World Health Organization (WHO) Director-General Tedros Ghebreyesus said Disease X is attracting a lot of attention, but it’s not a new idea.

Disease X serves as a “placeholder for the diseases we don’t know,” and it begins with private-sector research and development to test drugs and “other things.”

Tedros stressed that the next pandemic is “not a matter of if, but rather when,” while noting that COVID-19 was the original Disease X, in which they were able to facilitate the Pandemic Fund in partnership with the World Bank.

For this reason, Tedros urges nations not to let national interests obstruct cooperation with the WHO's proposed pandemic agreement that will amend existing, legally binding international health regulations.
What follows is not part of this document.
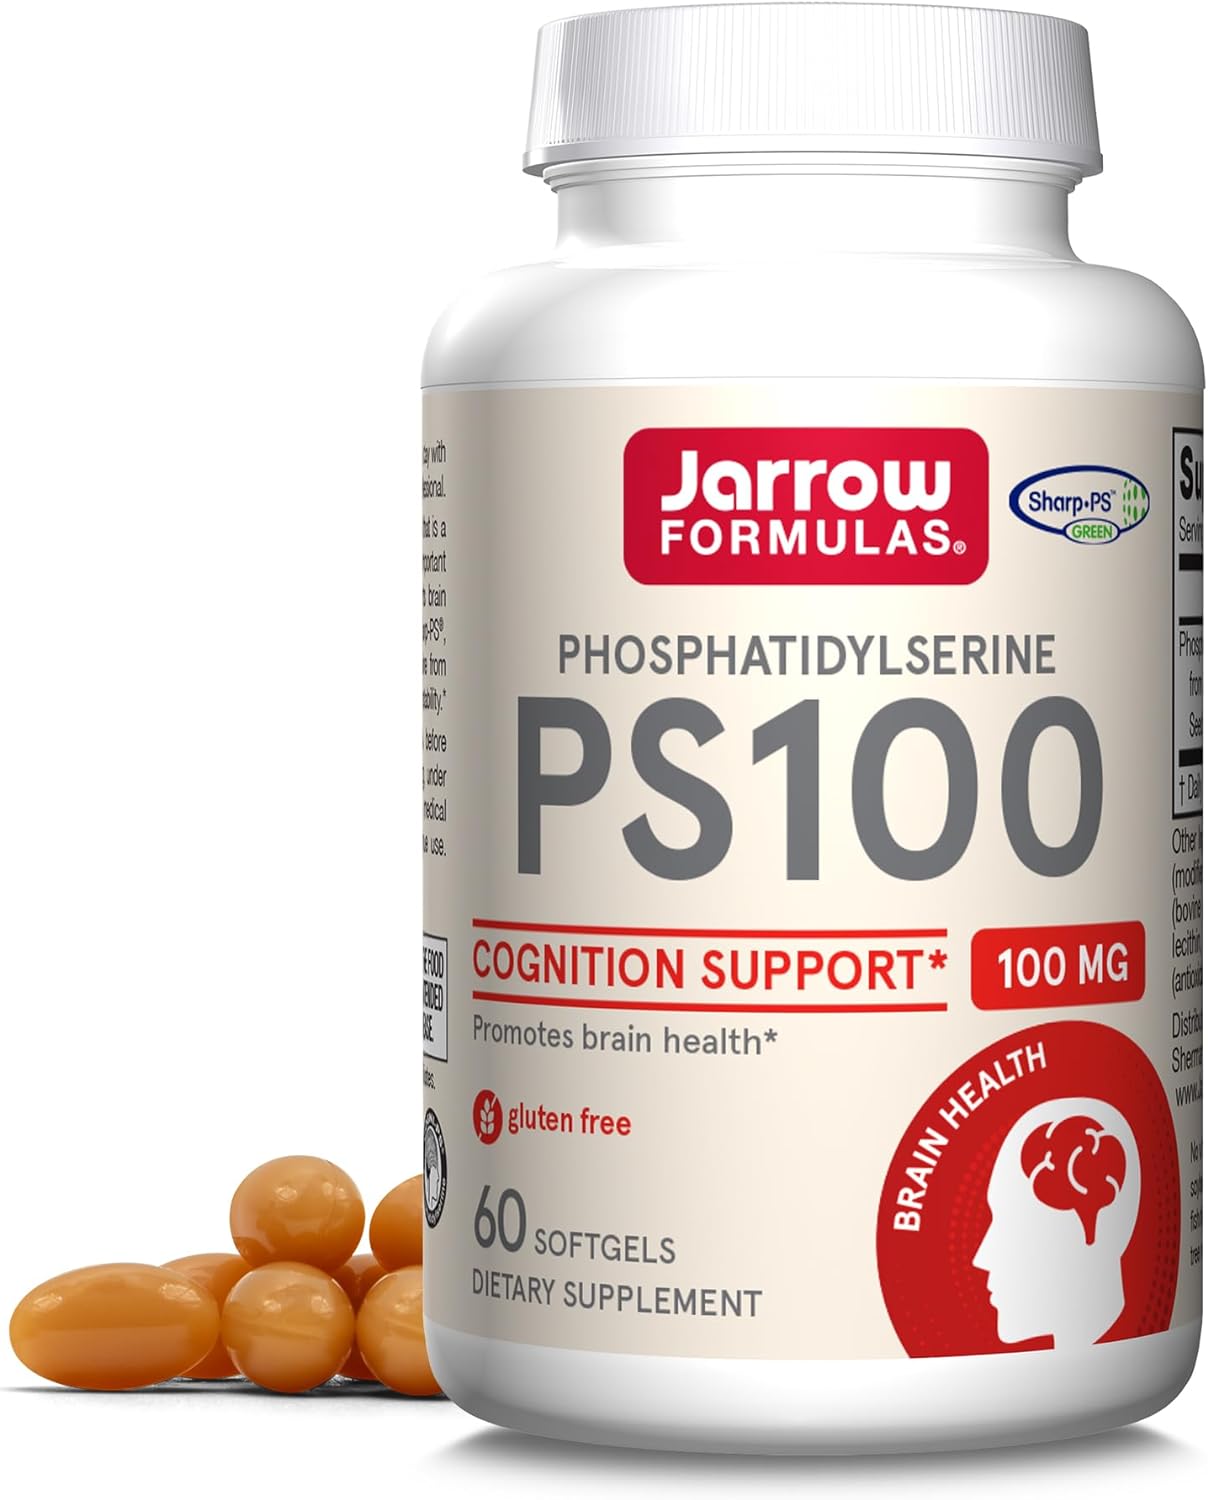 Jarrow Formulas PS 100-60 Softgels - 100 mg Phosphatidy

The WHO has been accused of voting fraud as they negotiate the new agreement, pushing through changes to international law without following their own defined processes and not giving member states adequate time to review said proposals.  

Preetha Reddy, vice-chair of the private sector healthcare group Apollo Health Enterprise in India, likened healthcare workers to the Indian army preparing for war.

Brazilian Health Minister Nísia Trindade Lima spoke in Portuguese without translation for online viewers.

Michele Demaré, Chair of vaccine company AstraZeneca (AZ), said that “quick action, quick decision making” was pivotal in the COVID-response.

Demaré admitted the company's inexperience in vaccine production but omitted acknowledgment that the hastily manufactured AstraZeneca COVID-19 vaccines were among the first flagged for severe adverse events.

There was no allotted time for questions unlike many of the other sessions.